Found myself at a little party in the sunshine on the weekend (that was a long time coming – Welcome Summer!) which was so pleasant.
After my Man had taken over the Barbie, true Aussie style (he is at one with a BBQ, even if it was over hot coals), we were chatting about Australian accents, and lingo.
Both of my parents are from London, and emigrated to Australia over 30 years ago, so my accent is not as strong as others. (I was stuck between a rock and a hard place as a kid trying to decide whether to call it a Duvet or a Doona…I renamed it ‘The Cover’!). We discussed how some accents are stronger than others and my awesome friend was comparing accents from Australia’s Next Top Model. She couldn’t remember for the life of her the name of the little island this twangy top model girl came from. Could it be Fraser Island? No….. Tasmania? Why yes! While it is an Island, it is also a state of Australia. We had to giggle.

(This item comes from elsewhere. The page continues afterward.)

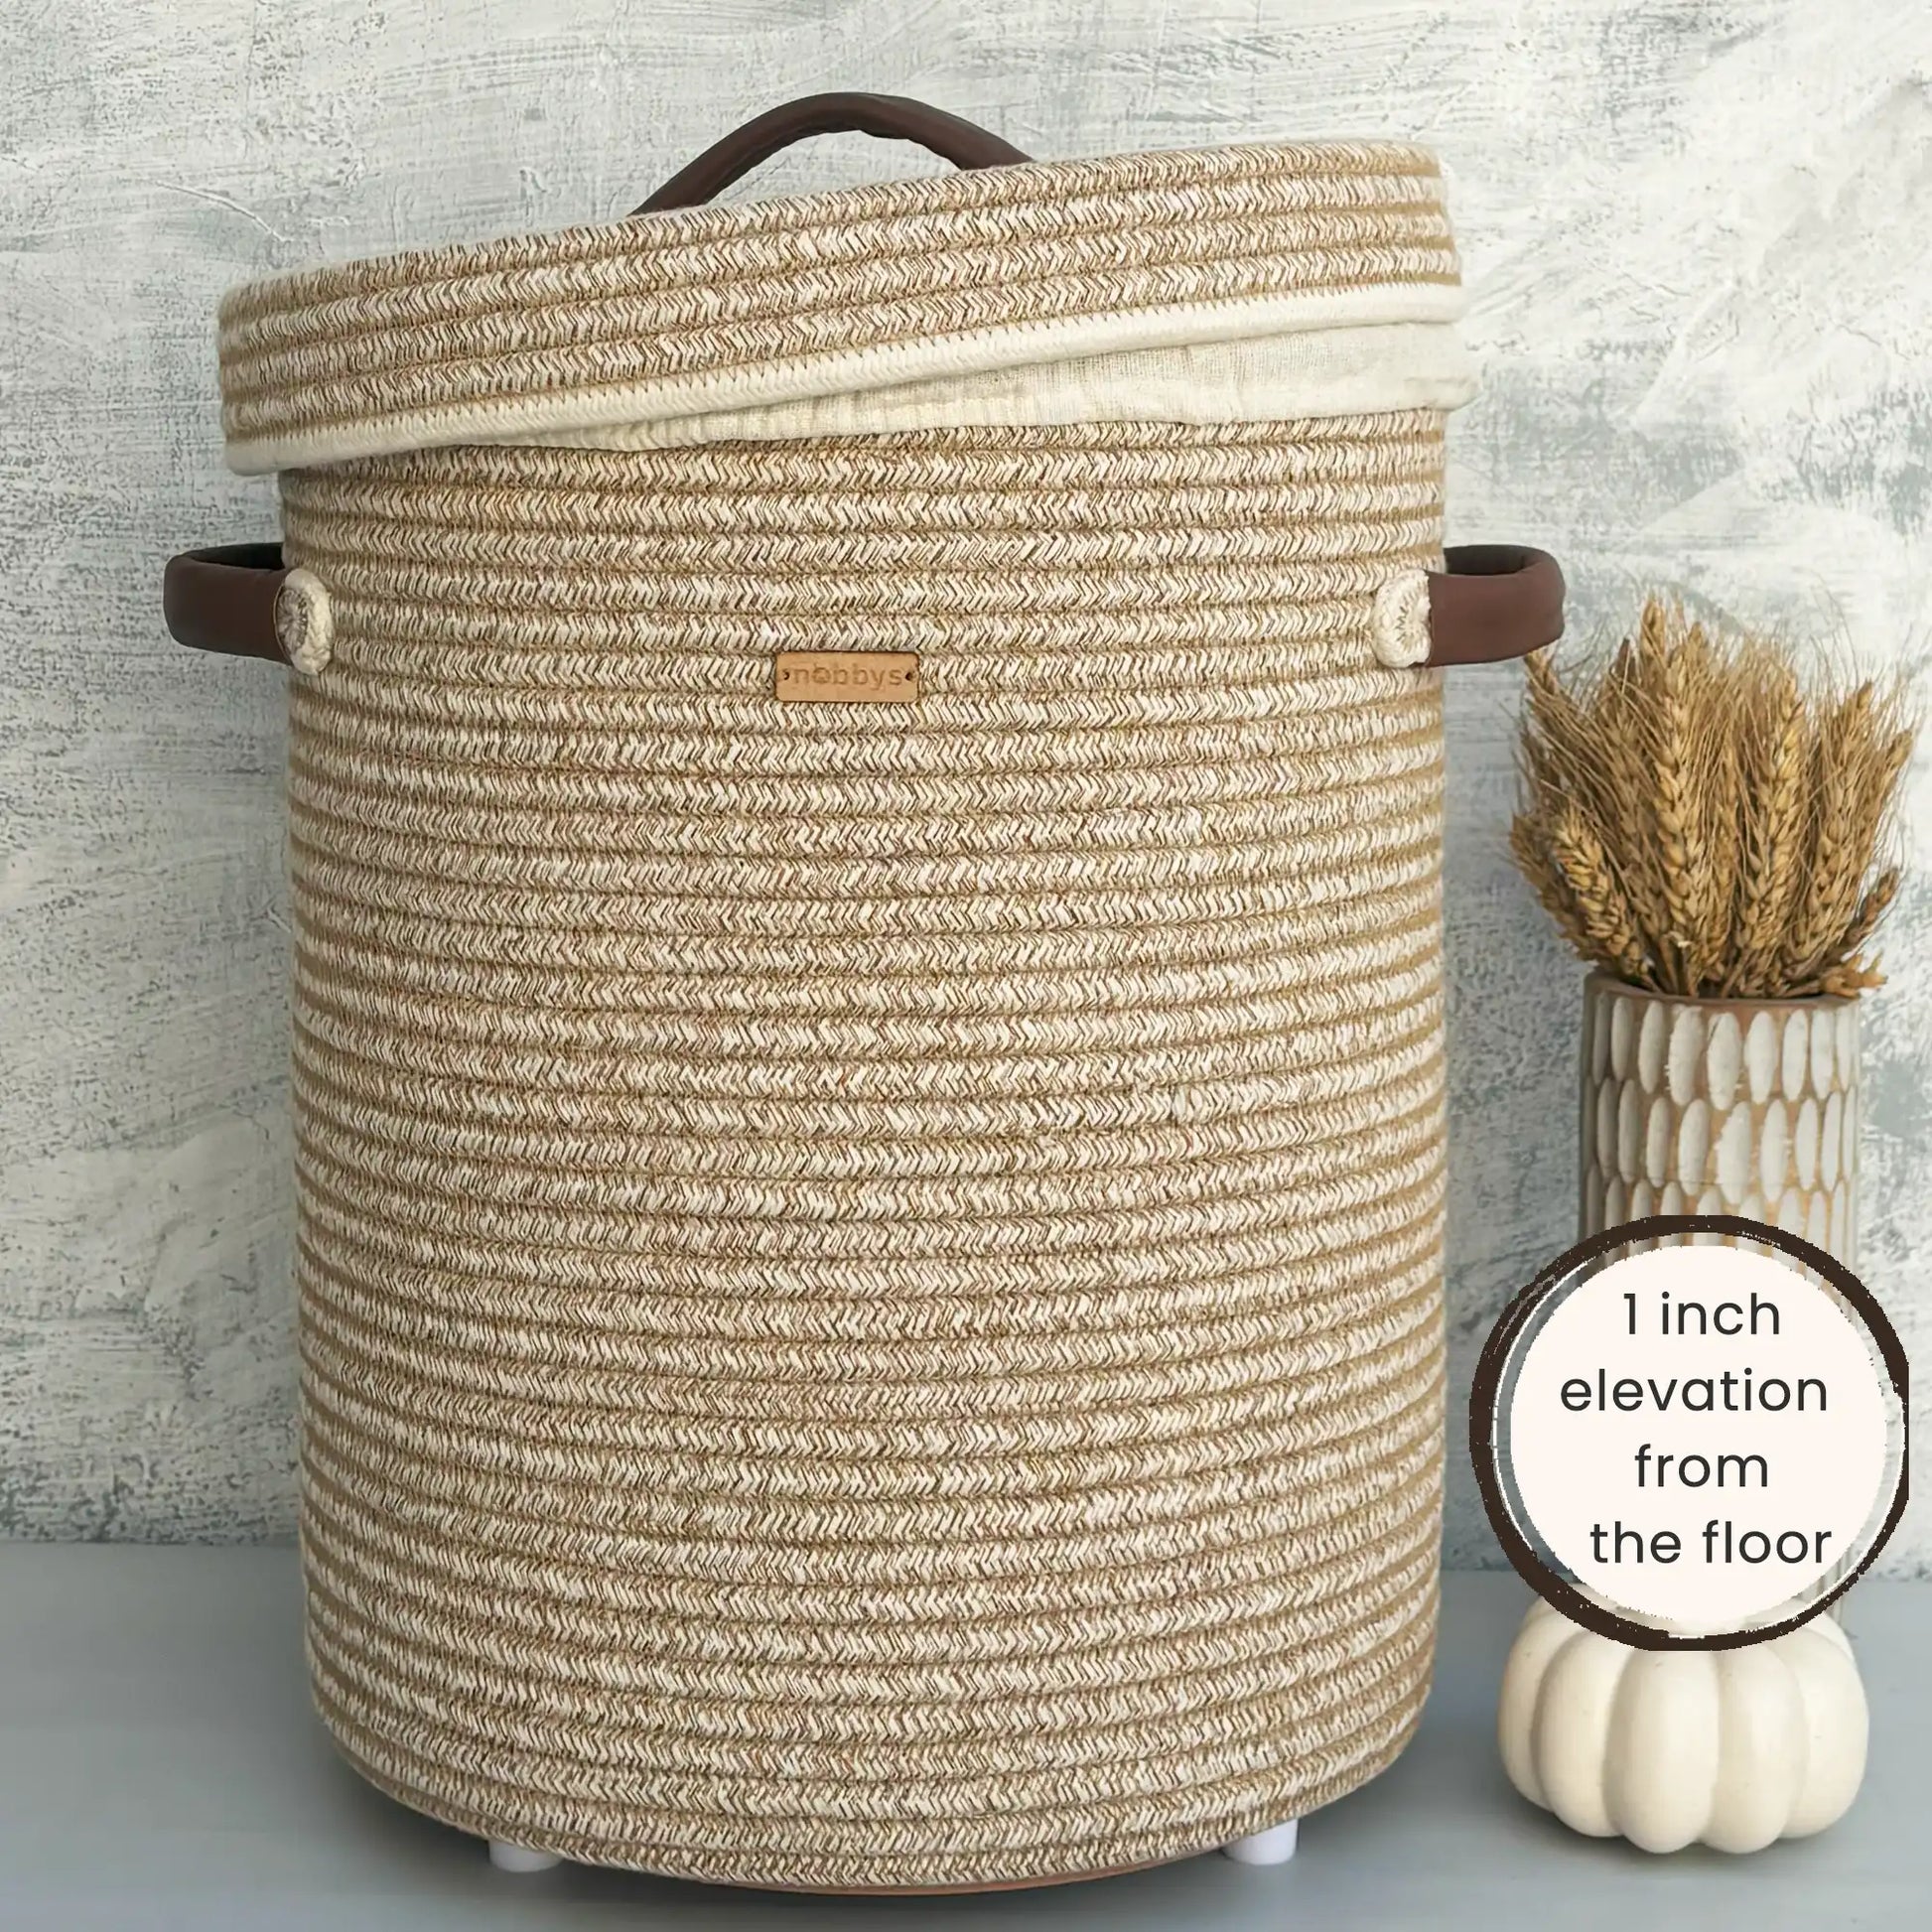 cotton laundry basket with leather handlescotton laundry basket with leather handles

I think, the way Australians speak is different to people from Jersey. We are louder (well I am…but maybe I’ll blame my Mediterranean heritage for that one), and are generally pretty honest and open, sometimes shockingly. There are also a lot of things that Aussies say, which leaves some people with a blank stare, wondering what on earth we are actually talking about (if they can keep up with the speed in which we talk).
Seeing as I’ll be blogging to a Jersey based audience, I thought I’d put some things out there now, in case you are all struggling to understand me in the future, or if you want to move there or even just visit on holiday. Get your notepads and pens out kids!
Here is a Glossary of Australian Slang (excuse daggy music).
Some of my faves (aka Favourites) include the following, and you may find them on my blog (or in real life) in the not too distant future.
- See Ya – good bye. No it doesn’t mean I will see you again necessarily. It is mostly said to friendly shop assistants, or the ending to a phone call. So Be Nice…and you may get one of these.
- Prang – A little car accident. I’m yet to have one thankfully, but I’m surprised at that fact. I’m scared of these roads.
- Thongs – they are shoes (flip-flops) NOT undies (underwear!) – Thought I’d better clarify that one as the other day Relaxy loudly requested some new thongs while we were in M&S and someone around me giggled! Yes, we were in the kids undies section, but that is not what he was on about.
- Tank Top (or Wife Beaters for the grown ups) – A t-shirt without sleeves – I will also clarify this one on Relaxy’s behalf. He was distraught at the fact that some girls at Nursery said he was wearing a vest. Vests go under your clothes in winter, and are not worn out in public as a rule. Unless you’re a Bogan.
- Postie – the postman. Isn’t it obvious!?
- Garbo – (or Garbologist) – the Rubbish Man, or dustman
- Spunky – As listed in the glossary, I will maintain is a Compliment!
- You Stinker – I use this with Relaxy if he is being cheeky and doing things he shouldn’t. If you hear someone in the street calling their child ‘stink’ (mainly because we also shorted anything) then that’s me.